Role of Community and Academic Centers in the Treatment of Patients with Advanced RCC

Video

Dr Sumeet Bhatia highlights the challenges faced by community oncologists who treat patients with advanced renal cell carcinoma and which patients they refer to academic centers.

Eric Jonasch, MD: Let’s move on to a couple of final questions. What percentage of patients do you refer to an academic center with renal cell carcinoma, and why would you do that? Because obviously, you have a tremendous proficiency of this already, so why would you refer these patients?

Sumeet Bhatia, MD: Because you’re still not curing these patients. If we have a first-line patient for whom there is a clinical trial available, that would still be our choice. In our center, we have opened up clinical trials for that purpose right from the beginning, but that is thanks to your help. As a matter of fact, the bigger question is that once we treat people with an agent like pembrolizumab with axitinib, or upfront IO [immuno-oncology] plus TKI [tyrosine kinase inhibitor], when they progress, what should we do? I think the standard of practice should be a clinical trial because I do not know of any good data that tell us how we treat those people in that situation.

Eric Jonasch, MD: It’s funny, I was going to actually ask you that. What do you do for people who progress on first-line therapy? Nowadays most of your patients are probably going to be on an IO/TKI or an IO/IO.

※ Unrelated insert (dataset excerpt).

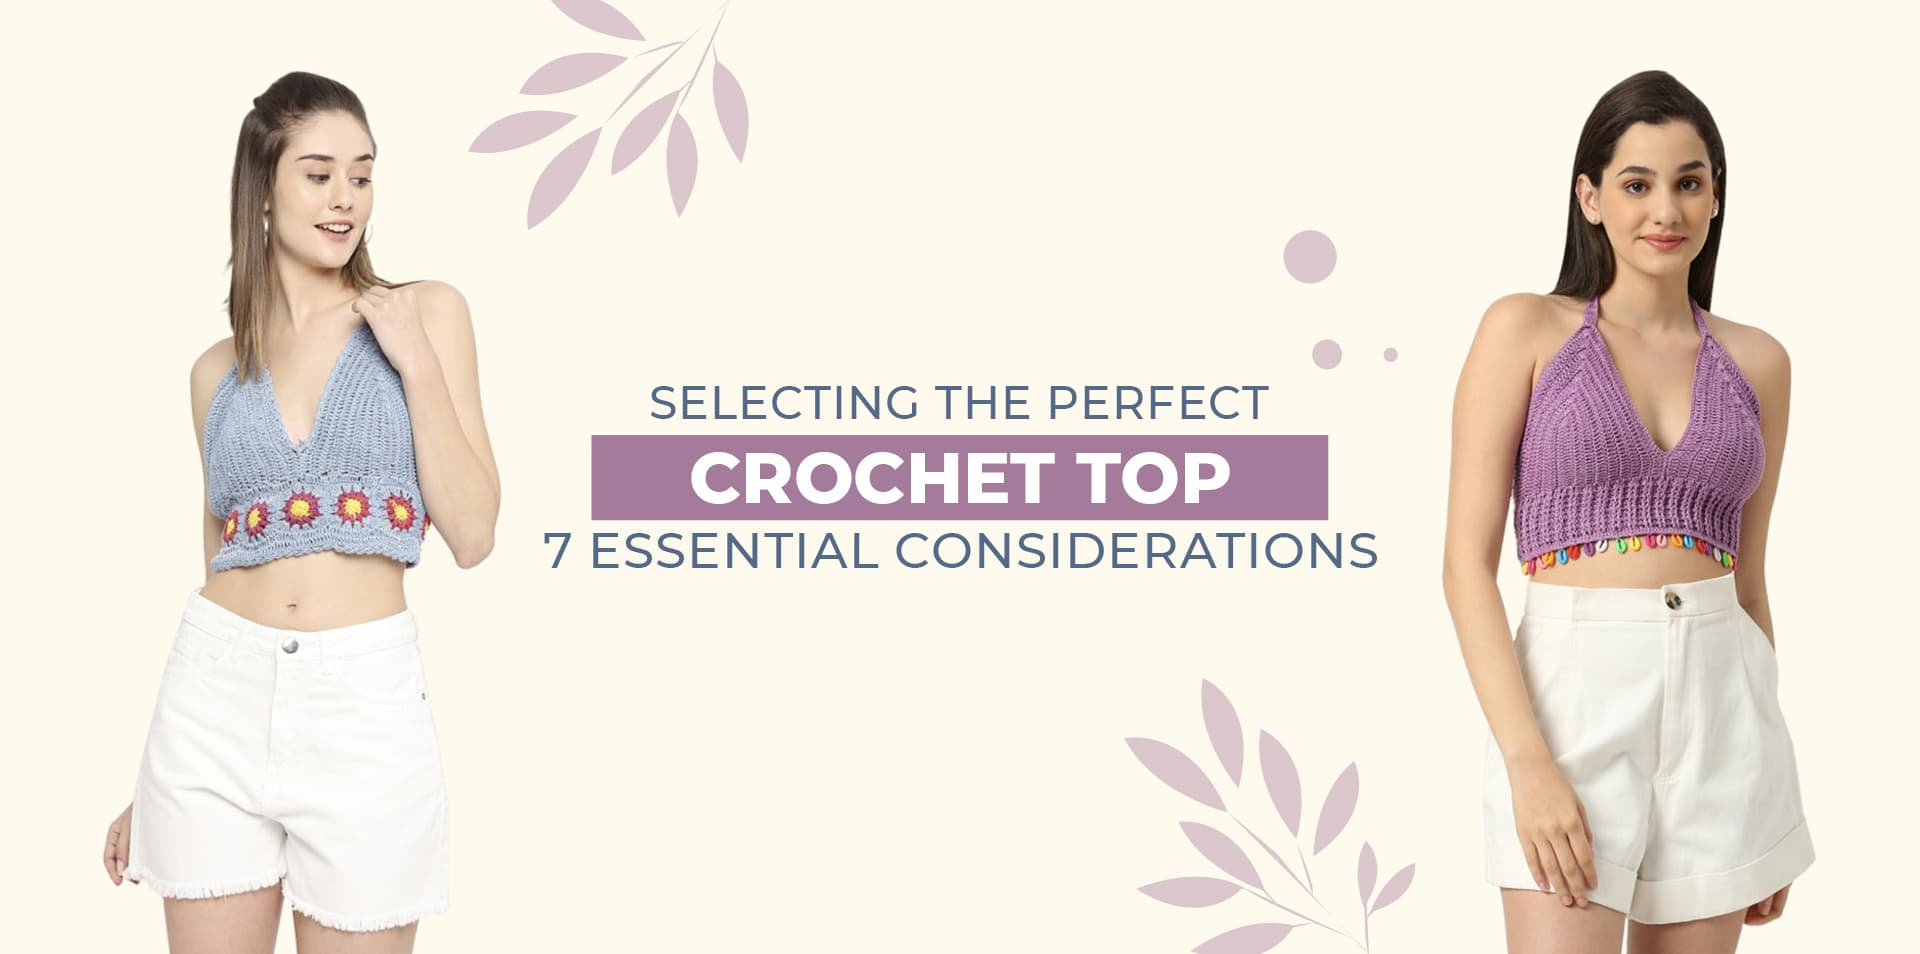 Selecting the Perfect Crochet Top: 7 Essential Considerations

Sumeet Bhatia, MD: I ask for help. Essentially, for most of these patients, we try to find them a clinical trial if they’re able to travel. Otherwise, I have treated these patients with tivozanib because it has come up with an FDA approval in that situation. But other than that, that’s not a really good population to treat with. I have been in the past tempted to treat them with nivo [nivolumab]-ipilimumab, but again, as we talked about earlier, the last data from ASCO [American Society of Clinical Oncology annual meeting] have told me that’s probably not the best way to take care of these patients.

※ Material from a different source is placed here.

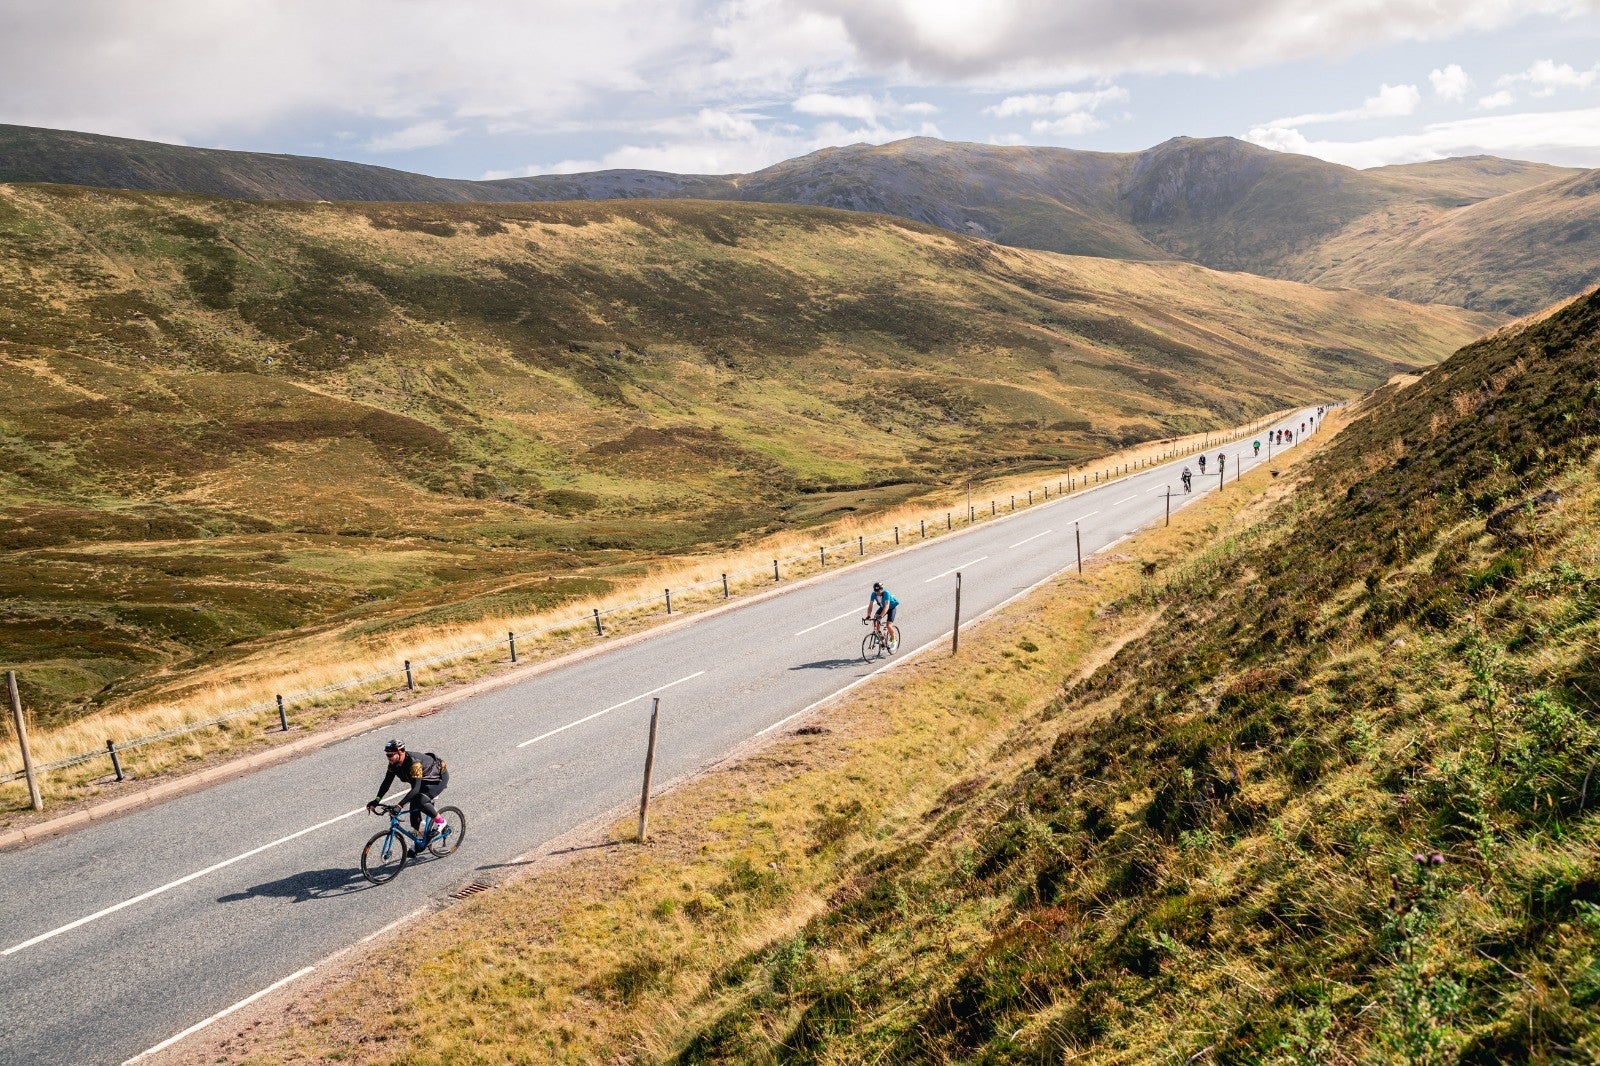 Lejog is a classic cycling challenge

Eric Jonasch, MD: With regard to clinical trials, if you do refer patients to me, we do have clinical trials. The big new direction in renal cell carcinoma is looking at HIF [hypoxia-inducible factor]-2 alpha inhibitors. There have been some interesting data with belzutifan. I’ve been very involved in the development of that compound, and we got it approved for Von Hippel-Lindau disease last year. Hopefully, we will see some positive data in the randomized subsequent line therapy trial of belzutifan vs everolimus. There are some combination studies with belzutifan that are in an early phase, and we also have other triplet types of regimens, ipi-nivo-cabo [ipilimumab-nivolumab-cabozantinib] and things like that. There are definitely some things out there. Once again, I think there’s been a plateau with IO/TKI and IO/IO, but now we’re going to move forward with some other things that are going to be pretty exciting.

Sumeet Bhatia, MD: In the last 5 years, have you treated anybody with sirolimus?

Eric Jonasch, MD: No, I have not.

Sumeet Bhatia, MD: Me either, I was just trying to remember. You get tempted when you do not have any other options, but that’s one of the reasons we hope patients have clinical trials. Now belzutifan, I was actually able to get free for a patient who had progressed, and at this time, I do not know what the response is, so maybe at a later time I can report back to you. It was an off-label use.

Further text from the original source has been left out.